### Work required:
Leave the pictures out. Return all other data exactly.

### Given data:
▼

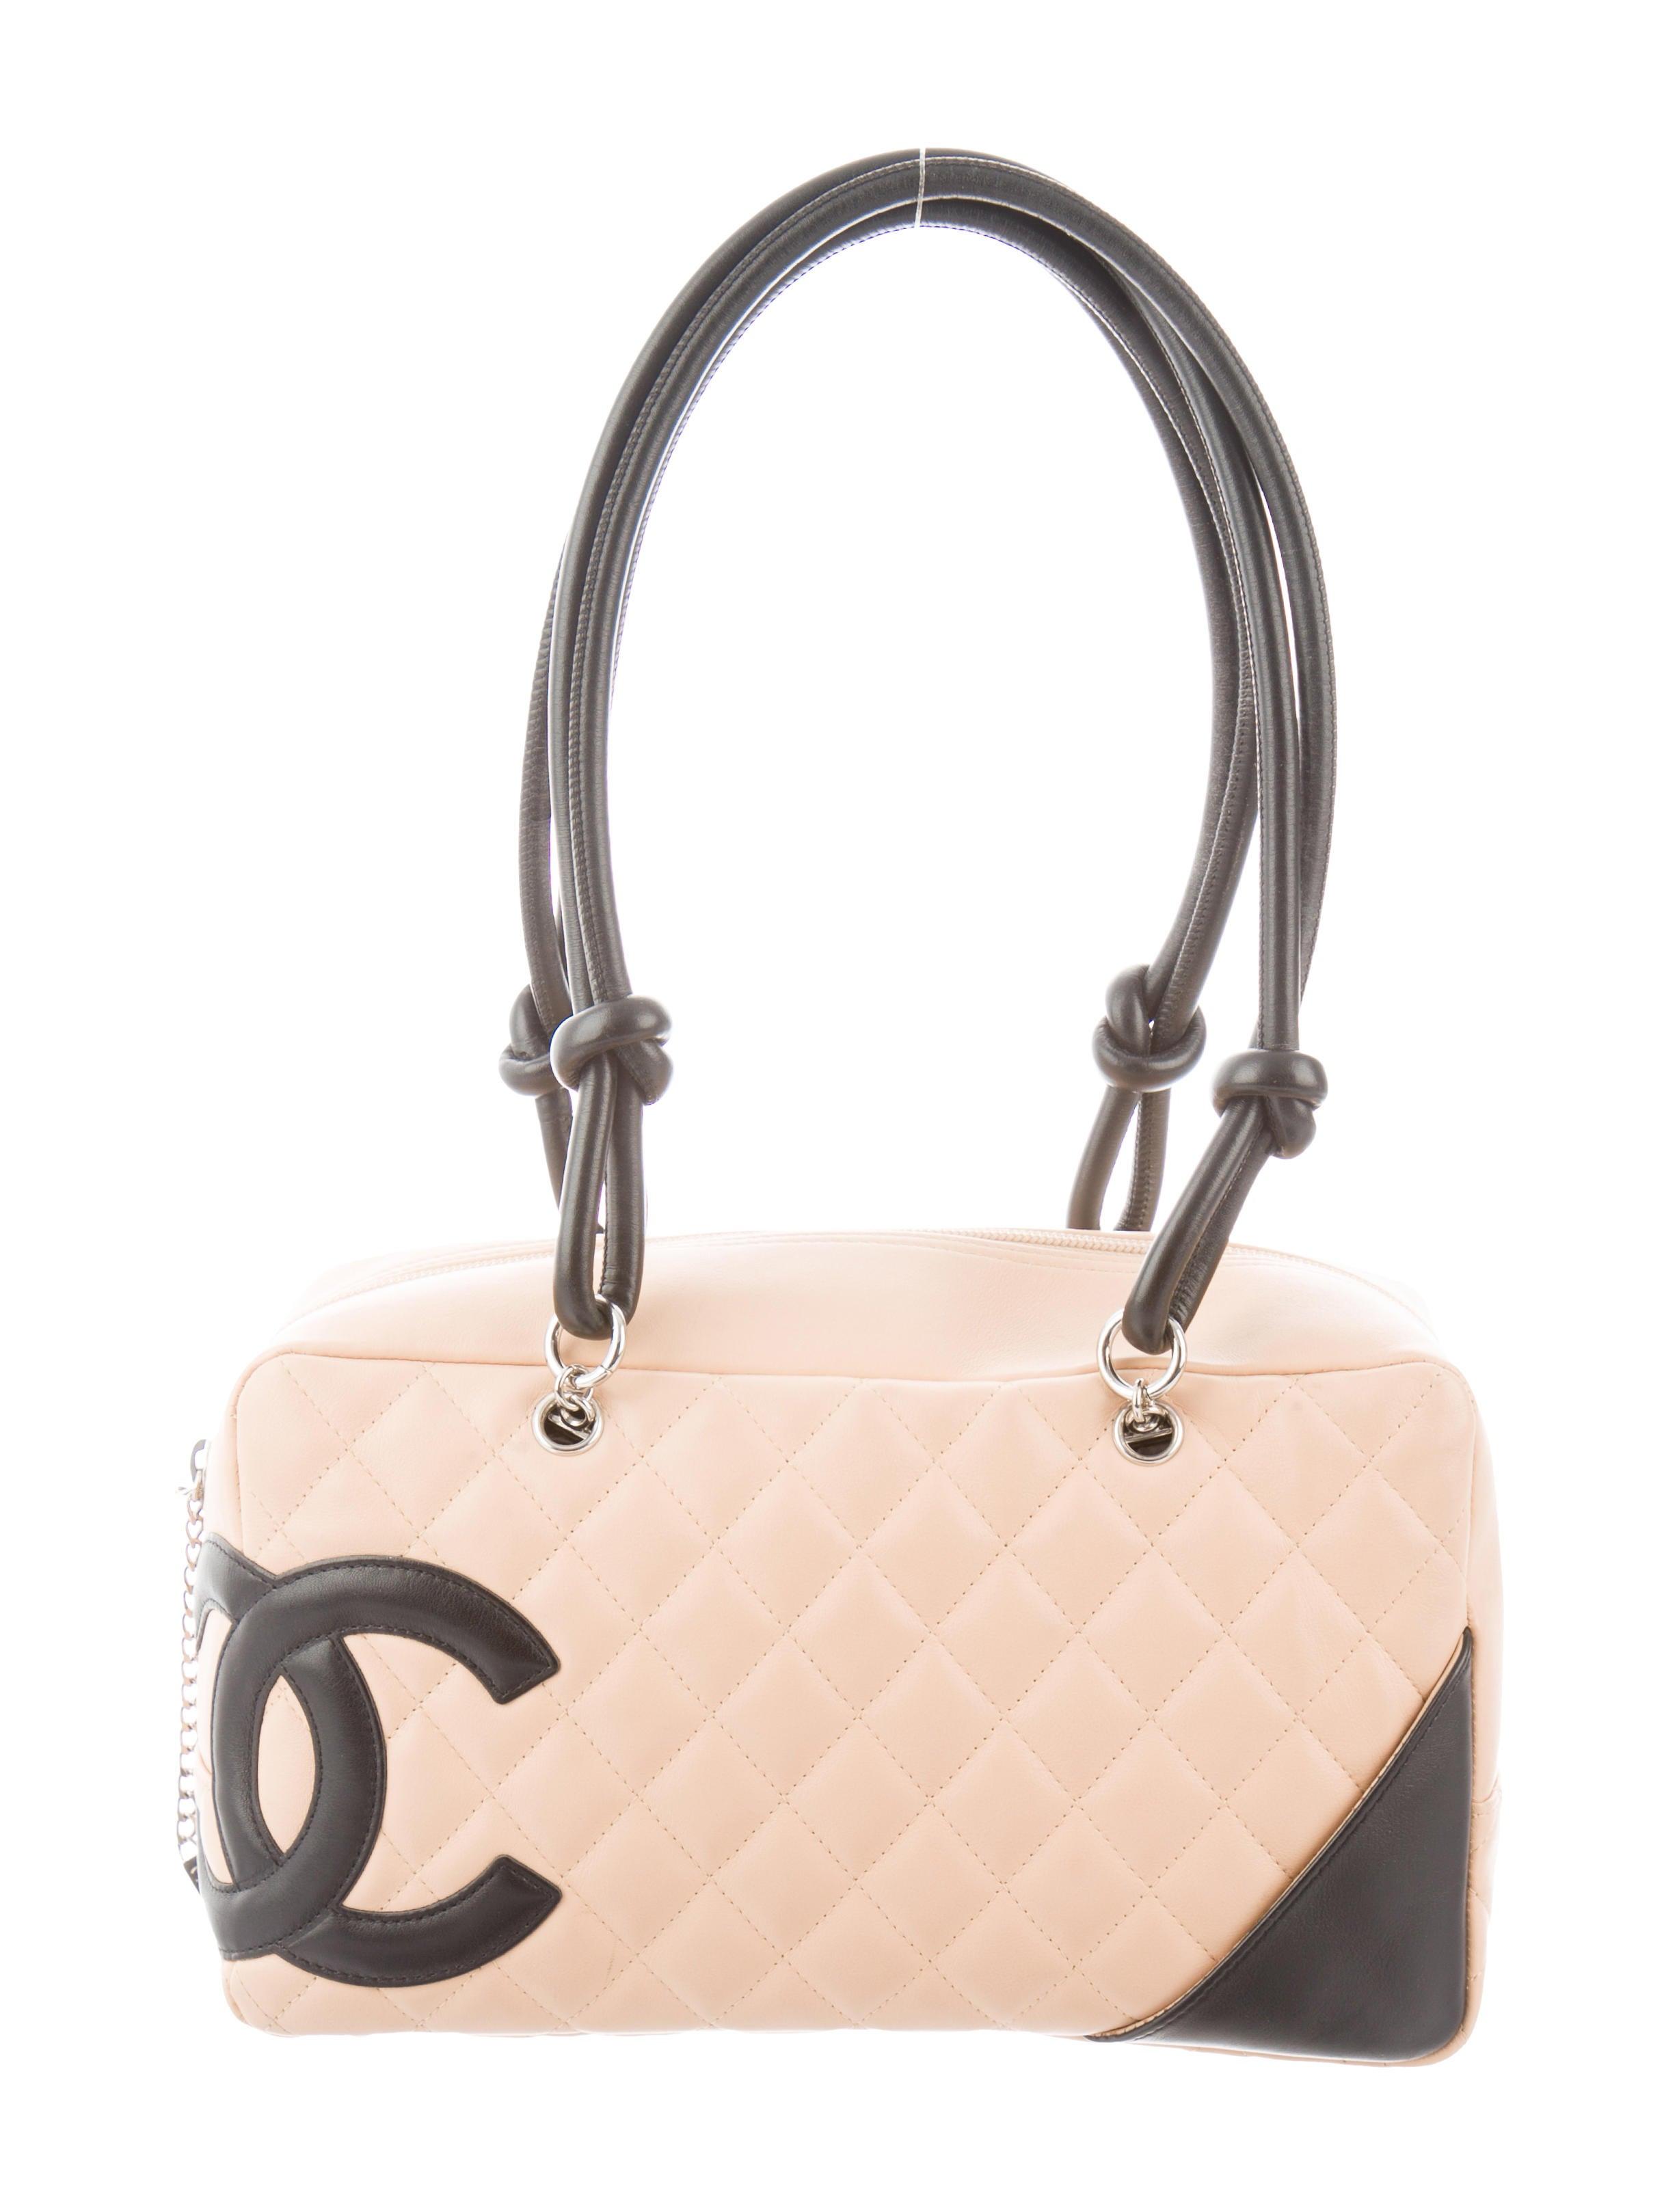 b72e6e7d8ecb Chanel Ligne Cambon Bowler Bag - Handbags - CHA344968
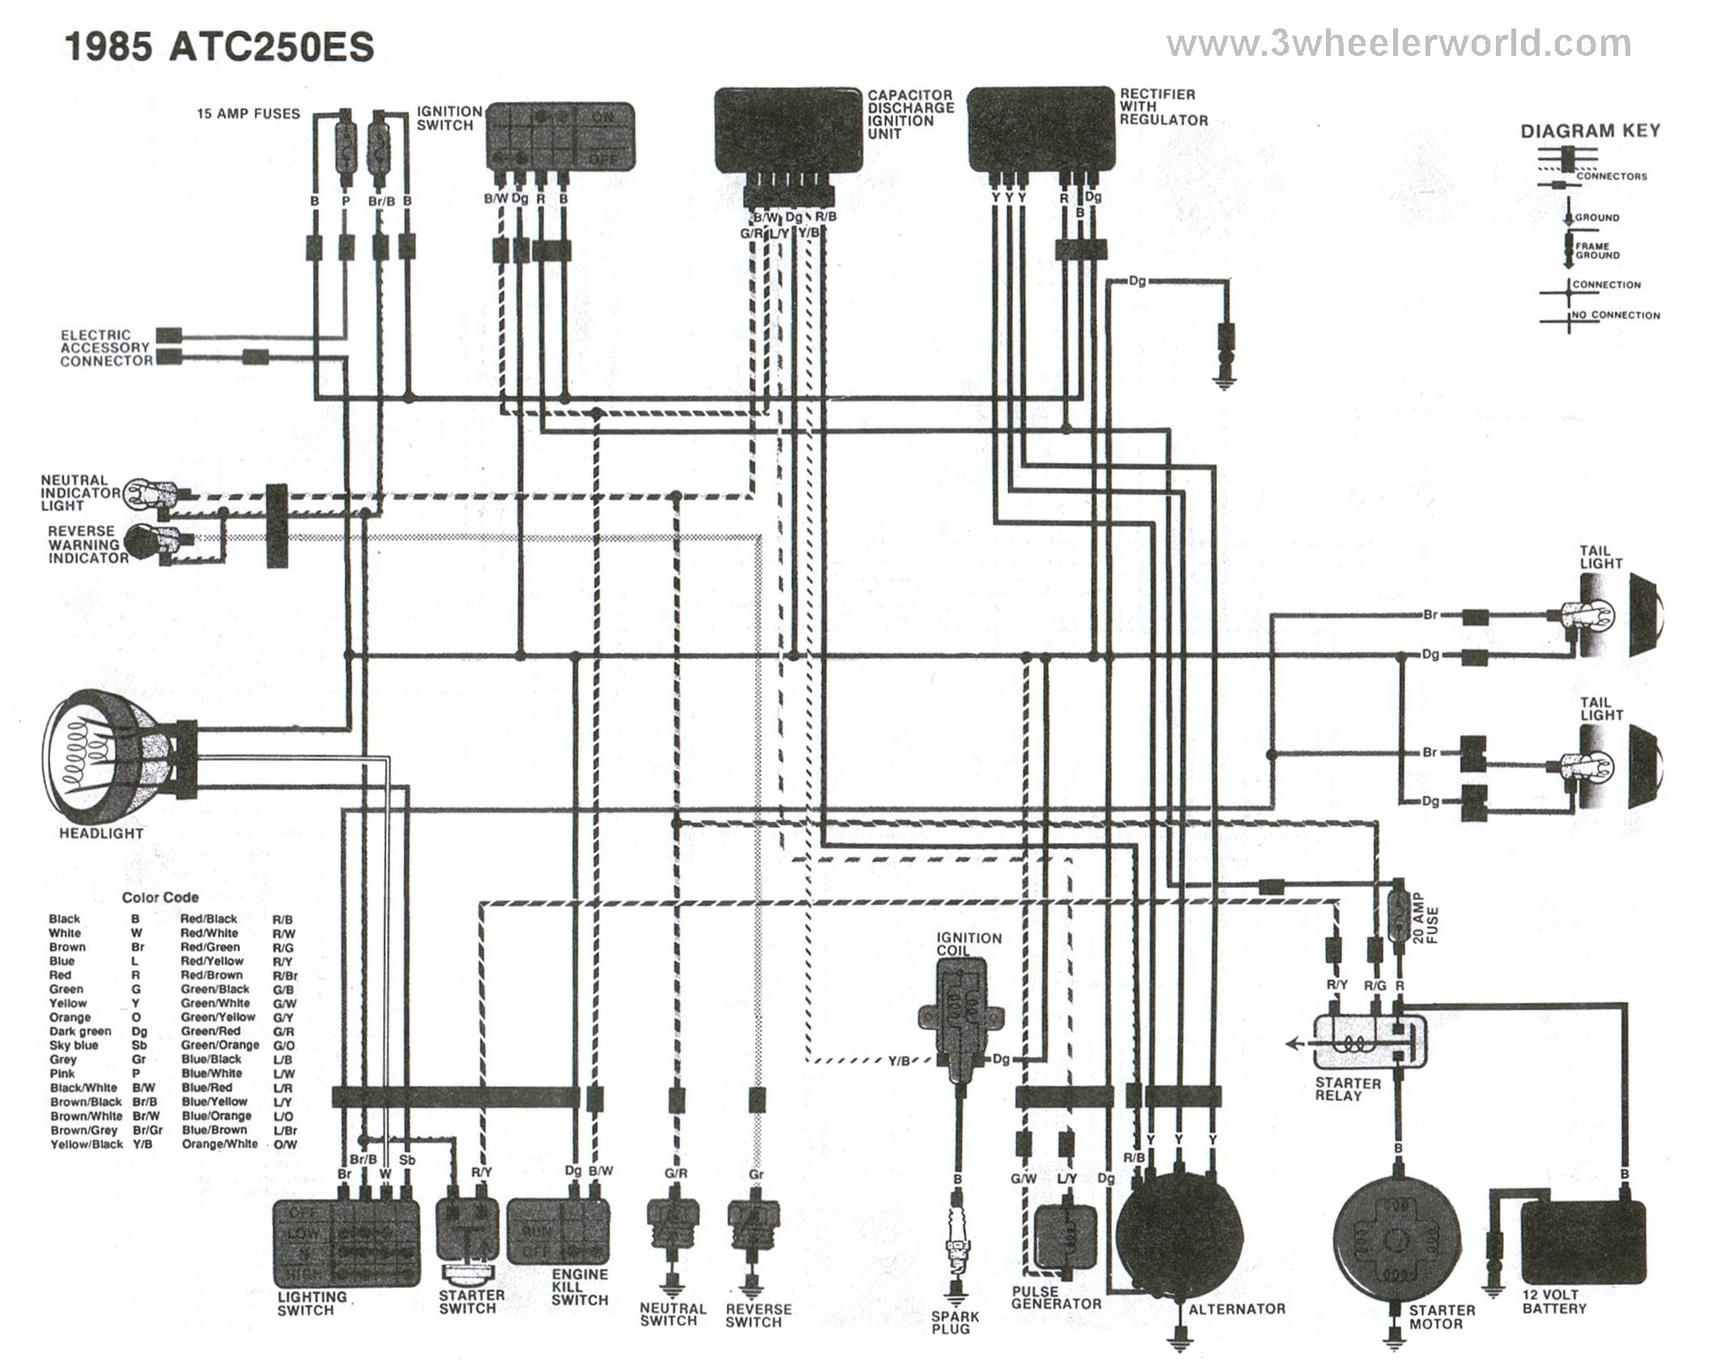 yamaha atv wiring diagram yamaha image wiring diagram yamaha moto 4 wiring diagram wiring diagram and hernes on yamaha atv wiring diagram
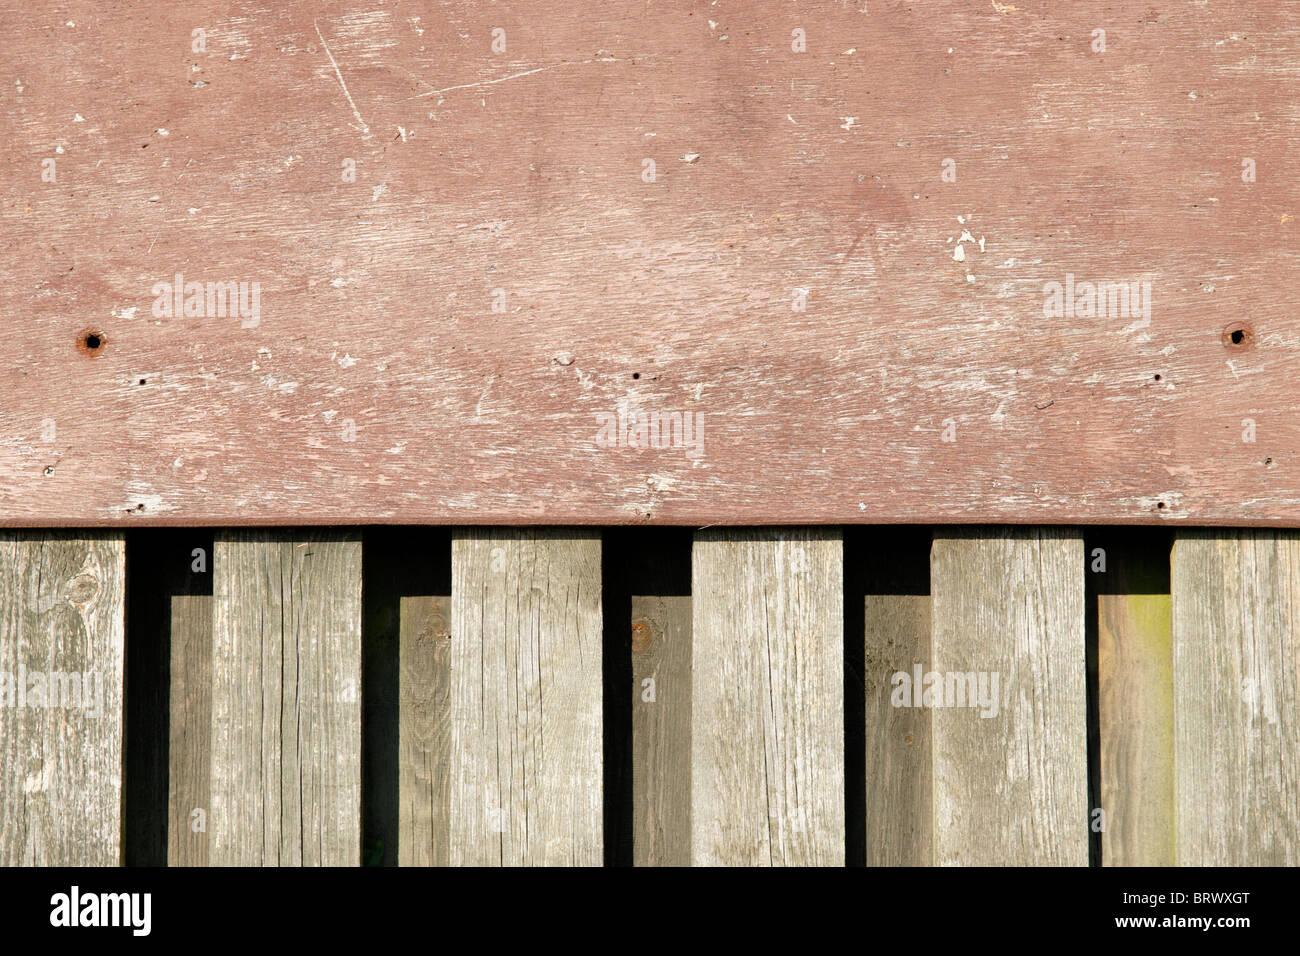 BULLETIN BOARD - Stock Image

▲

### Result:
 b72e6e7d8ecb Chanel Ligne Cambon Bowler Bag - Handbags - CHA344968
 yamaha atv wiring diagram yamaha image wiring diagram yamaha moto 4 wiring diagram wiring diagram and hernes on yamaha atv wiring diagram
 BULLETIN BOARD - Stock Image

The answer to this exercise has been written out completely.